Make Your Own Beginnings
Once we've been a person for a while, it's hard to stave off feelings of mundanity. But who's to say we can't start again?
Hello, Good Lookers,
Welcome back, to whatever comes after the "beginning of the year". I've been thinking about how I really appreciate the explicit newness of Januarys. The sense of possibility, the permission to shift perspective, the rituals, and the rallying. But then the ride slows down with “I can't beeeliieeve it’s February/ Spring/ Half term already” and it's over.
This is Menka writing Just Looking, your monthly-ish newsletter about slowing down and noticing more. We have a theme each time, and today it's improvising our own beginnings, whenever we need them.
About Noticing (and Making) Beginnings
There was a point when each of us “began”. When we became this person we see ourselves as right now. I don’t mean conception or birth, but that moment somewhere in toddlerhood when we realise we are alive, and that not everything is. Perhaps it's less of a moment and more of a gradual awareness. A blurring into being.
Once we've been a person for a while, it's hard to stave off feelings of mundanity. This must be one of the reasons all cultures have evolved celebrations that rekindle our awareness of being alive. A new year, a new season, a new relationship - we are encouraged to gather around and elevate these new beginnings. And it works. It gives us the chance to feel new again, for a while.
The irony is that in so many ways "newness" is the norm. We are always beginning again on some level. For one thing, every day billions (like, 330 billion!) of our cells die and are replaced. Cells in our stomach only last about 5 days with all that acid, while red blood cells have a longer life span averaging 120 days. Our bones are regenerating constantly too, completing the process every few years. There are a few exceptions - certain hardy cells in our brain, heart and eyes do stay with us for our entire lives - but for the most part this body we are in now, it's quite new.
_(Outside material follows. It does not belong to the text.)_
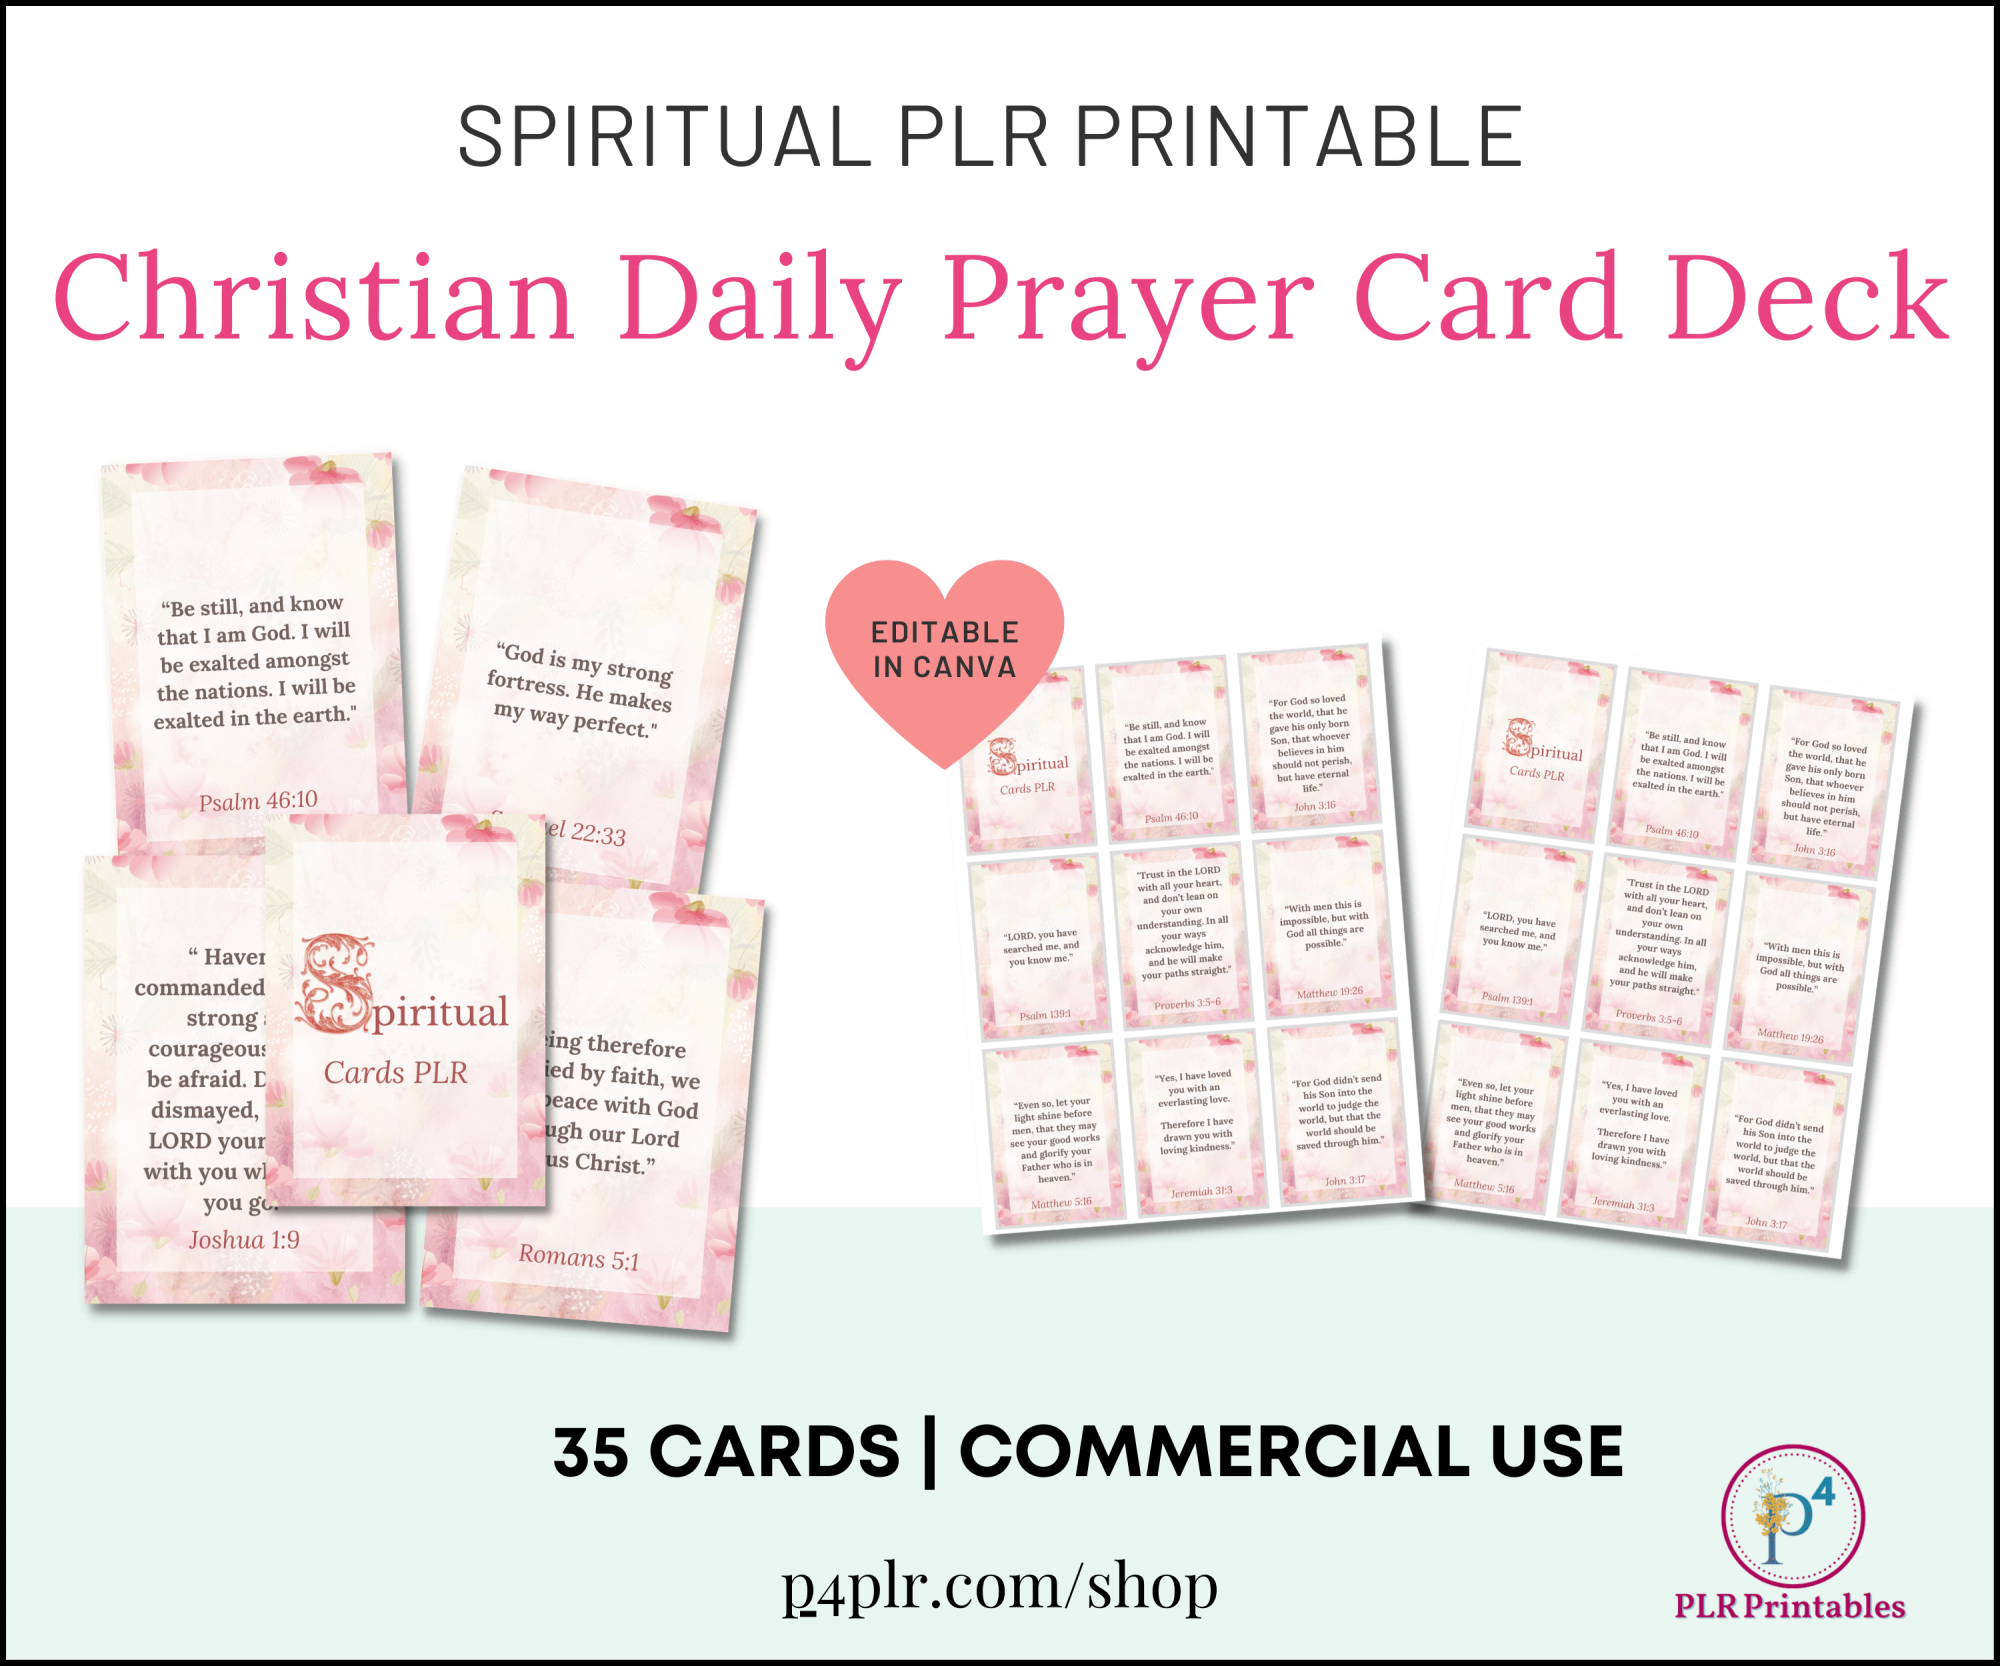 Spiritual Cards PLR for Daily Prayer

On a more conscious level, the mental and emotional experiences of daily life twist and tease us into new shapes. Every insight, idea, regret, worry and doubt ripples through us, and creates or deepens physical neural pathways in our brains.
It's all change, all the time.
My meditation teacher often says about beginnings - “From the moment we wake up, it’s dawn”. That's a literal translation from Gujarati. I think it means that the sunrise, representing our life, our potential, is not unfolding independently of us, it is actually waiting for us. Like a movie on pause, waiting for us to press play.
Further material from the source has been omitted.